At first, he blamed the chemo, which stole his sense of taste. Later, with the radiation, he was too nauseous to keep anything down. Now, he can only say that he isn’t interested in food any longer, and anyway is full after even the smallest morsel.
Lara scoops another spoonful of the amber soup and holds it to his mouth.
“Just one more, dad. Please.”
Her father leans forward. He breathes in the scent, redolent with earthy, autumnal aromas, fragrant with cardamom and star anise, but the steam tickles his dry throat into a fit of coughing. He holds his hands up and Lara leans back.
She turns away from her father, but her gaze falls upon her mother’s empty chair. She looks out the window at the leaves turning ochre in the cold sunshine so that he will not see the tears she is fighting back. He is pushing away the soup, pushing away Lara, pushing away, she thinks, his life.
“Oh, dad,” she says. “Oh, dad. What are we going to do?”
First, brine your phoenix in seawater seasoned with pennywort and asafoetida. If you have no phoenix to hand, see instructions below. Otherwise, proceed to the following step.

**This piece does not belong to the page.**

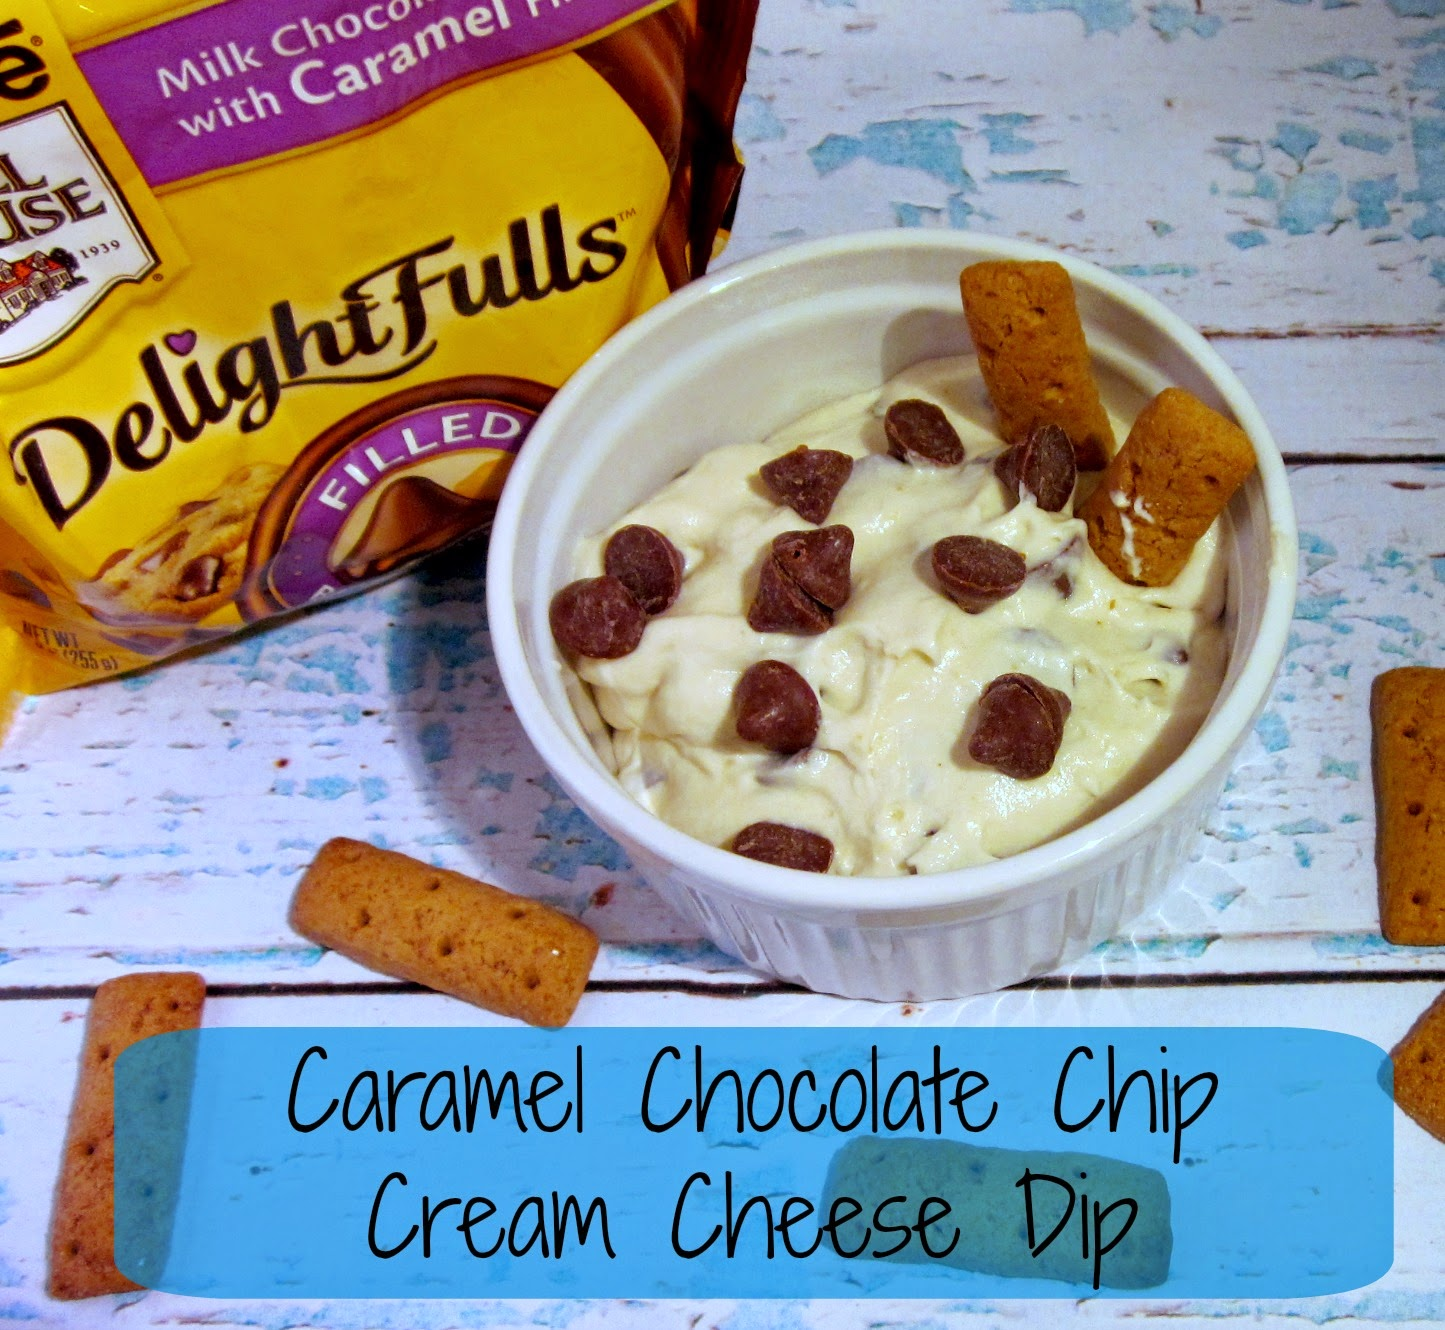 Cream Cheese Chocolate Chip Dip, Nestle DelightFulls recipes, Nestle Toll House DelightFulls, Nestle Toll House Holiday Recipes, Toll House Filled Morsels, Filled chocolate chip recipes

Lara learned to cook at her father’s knee and followed in his footsteps to become a chef. But these days, she stays home and cares for him. A few times a week, she manages a brief outing while the personal support workers bathe, shave, and dress him. But those hours off aren’t a rest. She isn’t catching up with girlfriends over brunch. She is running to the pharmacy, hurrying through the supermarket.
But outside she remembers a whole world is revolving, a season turning, misty mornings and the loamy smell of fallen leaves slick on pavement. She steps outside and remembers that once she was a little girl, laughing as her father flung her into a pile of leaves.
On Saturday, she ushers in the personal support worker and slips outside before her father wakes. She sips an espresso while picking up breakfast at their favourite patisserie. By the time she’s back, her father is sitting up in bed, looking about as good as he ever does these days. Lara sits beside him and shakes out two candied ginger pain au chocolat.
“Stephan has outdone himself today,” she says, luxuriating over the buttery flakes.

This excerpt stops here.